Women with breast cancers that overexpress HER2 are at greater risk for disease progression and death than women whose tumors do not overexpress HER2. Trastuzumab, a recombinant humanized monoclonal antibody against the extracellular domain of the HER2 protein blocks downstream signaling of HER2 and substantially improves the efficacy of chemotherapy in women with metastatic and early-stage HER2-positive breast cancers. Because resistance to trastuzumab eventually results in progressive disease in the metastatic setting and contributes to recurrence following adjuvant trastuzumab-based therapy, it is important to develop agents other than trastuzumab that target HER2 signaling through different mechanisms of action. Lapatinib is an oral, small molecule, dual tyrosine kinase inhibitor of HER2 and EGFR. Lapatinib has shown a lack of cross-resistance with trastuzumab in preclinical studies and activity in women with HER2-positive, metastatic breast cancer that has progressed during trastuzumab treatment. Trastuzumab blocks the downstream signaling of HER2 by binding to the extracellular domain of the receptor. Lapatinib binds to the intracellular domains of HER2 and EGFR and prevents activation of downstream signaling pathways. Because of this different mechanism of action, lapatinib may be effective in trastuzumab-resistant disease. The study will also provide important safety information on trastuzumab and lapatinib combinations immediately following anthracycline exposure, and also provide an initial direct comparison of cardiac effects of trastuzumab and lapatinib when incorporated into a standard sequential AC followed by weekly paclitaxel (neo)adjuvant regimen.
Availability of a second agent that can interrupt HER2-signaling pathways through completely different mechanisms than those of trastuzumab offers the potential for further improvement in the management of patients with HER2-overexpressing breast cancer in both the adjuvant and metastatic setting.
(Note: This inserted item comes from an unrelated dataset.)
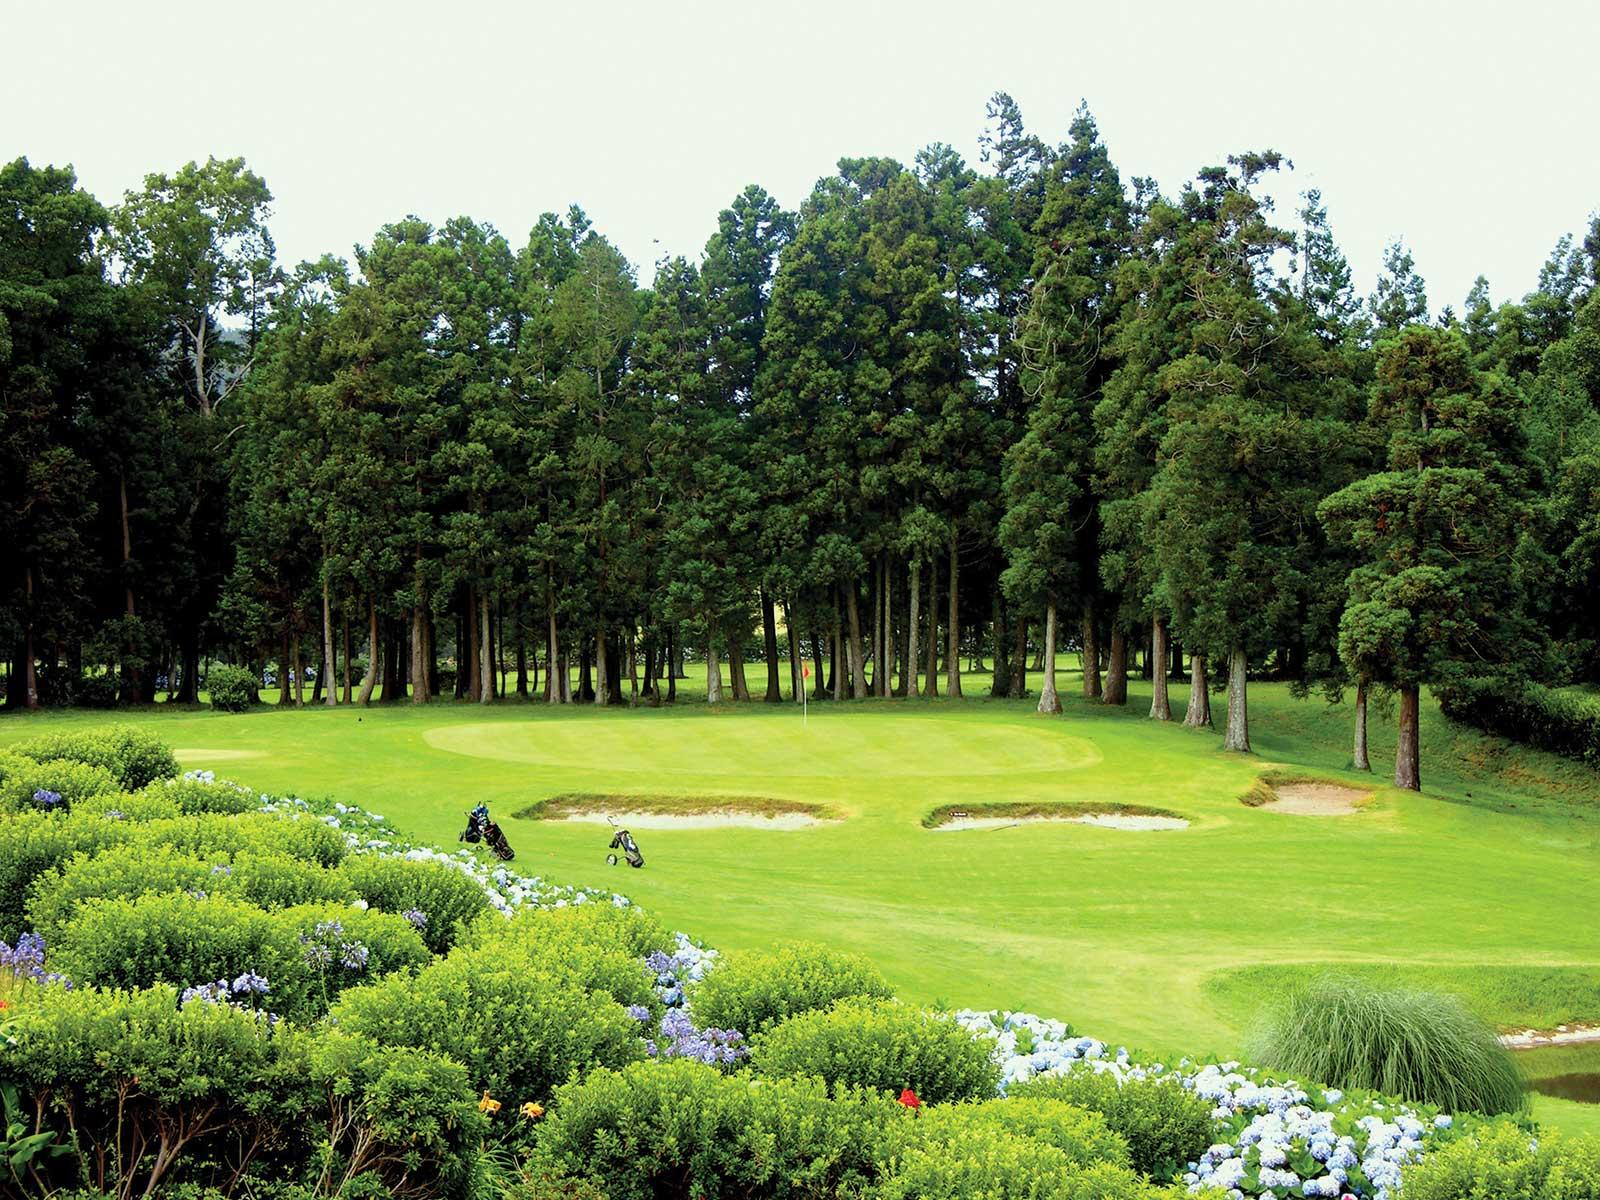 Parcours de golf de Terceira intelligemment configuré est d'une rare beauté naturelle

Co-administration of both trastuzumab and lapatinib with chemotherapy may be important in improving outcomes in subsets of HER2-positive breast cancers. However, use of two inhibitors of the HER2 pathway will increase costs and may increase toxicity, so it will be important to identify the subsets of patients who would benefit from the dual therapy. Inhibition of HER2 with a single agent clearly is sufficient for many patients as evidenced by the results of the trastuzumab trials. Therefore, co-administration to unselected populations of women with HER2-positive breast cancers would not represent an optimal approach. Given the activity of lapatinib, it is likely that it will also be sufficiently active in inhibiting HER2-pathway activation in some patients to allow for its use as the sole inhibitor of the HER2 pathway. Different populations may also derive greater benefit from one of the HER2-blocking agents relative to the other. Identification of potential predictive factors for pathologic complete response to the combination or to either agent administered alone in neoadjuvant trials would provide important information for adjuvant trials designed to definitively address these important issues.
This study will compare 3 combined chemotherapy regimens: AC followed by paclitaxel plus trastuzumab and lapatinib, AC followed by paclitaxel plus lapatinib, and AC followed by paclitaxel plus trastuzumab given before surgery to patients with HER2-positive breast cancer.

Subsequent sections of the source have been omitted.